Eating crow and others hazards of punditry

November 16, 1994|By Mona Charen

Unfortunately for pundits like me, there is no such thing as quality control. We predict things with the most serene condidence and, when proven dead wrong, sail on to the next issue, unchastened and unapologetic.

Well, I would like to take a turn eating humble pie about my wrong predictions for this past election. I wrote, nine days before the election, that "the passionate conservatives -- (Rick) Santorum, Jeb Bush, John Kyl and many others will not suffer [Mitt] Romney's fate. Oliver North will win by a comfortable margin -- the quaking of liberal Republicans notwithstanding."

Oops. Oliver North was defeated. As was Jeb Bush. The North loss, in retrospect, is understandable. His own people cite the Nancy Reagan attack as the straw that broke the camel's back. After her remarks, Oliver North's poll numbers began to deflate.

The Virginia race suffered almost from the start from an excess of personality. Unlike so many of the races in the rest of the country, Virginia's Senate contest was not about the size or scope of the federal government, it wasn't about values, and it wasn't about taxes. It was about which candidate was the less contemptible reprobate.
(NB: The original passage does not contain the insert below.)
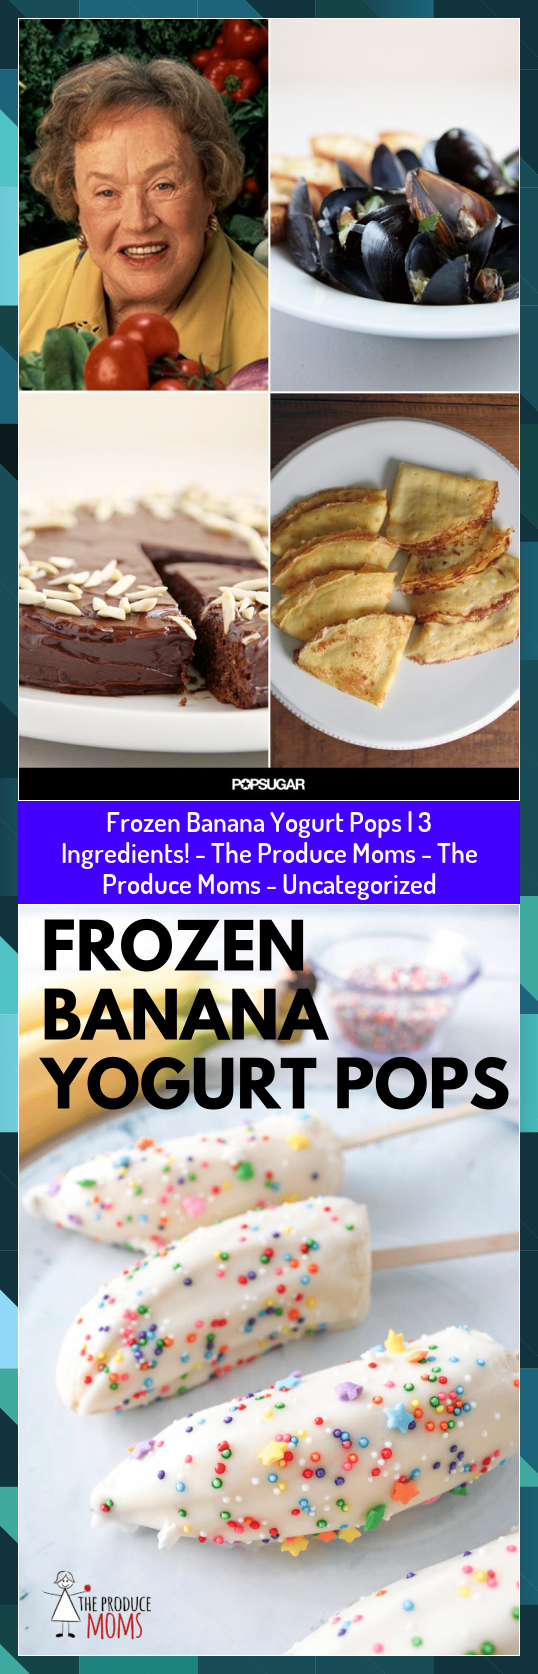 Frozen Banana Yogurt Pops  3 Ingredients  The Produce Moms  The Produce Moms  Uncategorized

With the late hits Mr. North suffered at the hands of Republicans, it became about him. And that sank him.

The Jeb Bush loss in Florida is harder to understand. He is a wonderful campaigner with an unblemished personal profile who is unafraid of taking brave stands. When he was asked what his election would do for racial minorities (among whom we would have to count his own children, who are half-Hispanic), he said "probably nothing," meaning that the government would step aside and let people do things for themselves. Still, it was the kind of thing one just didn't say in politics until 1994.

In light of the tide that swept conservatives into office throughout the country, the Florida race cries out for a post-mortem. Was it Jeb Bush's endorsement of school choice, even including private schools, that spooked voters? Or was it the unfortunate spot featuring a grieving woman who blamed Gov. Lawton Chiles for the fact that her son's killer remained well-fed on death row?

Democrats cry foul when Republicans use their softness on crime against them. But it is a fair political issue. If, because his conscience forbids it, Gov. Mario Cuomo, for example, declines to sign any death warrant (as he did), the voters of New York are within their rights to say, "You are entitled to your conscience. But you are not entitled to the governorship of New York in perpetuity."

On the other hand, voters know that the court system is obese and ungainly. They understand that murderers are not executed until every conceivable appeal has been lodged, docketed, heard and denied. It may be that in Florida, they concluded that Lawton Chiles was not directly to blame for that particular mother's anguish, and they sent a message to Jeb Bush saying, "Don't play upon our emotions that way." It bears examination.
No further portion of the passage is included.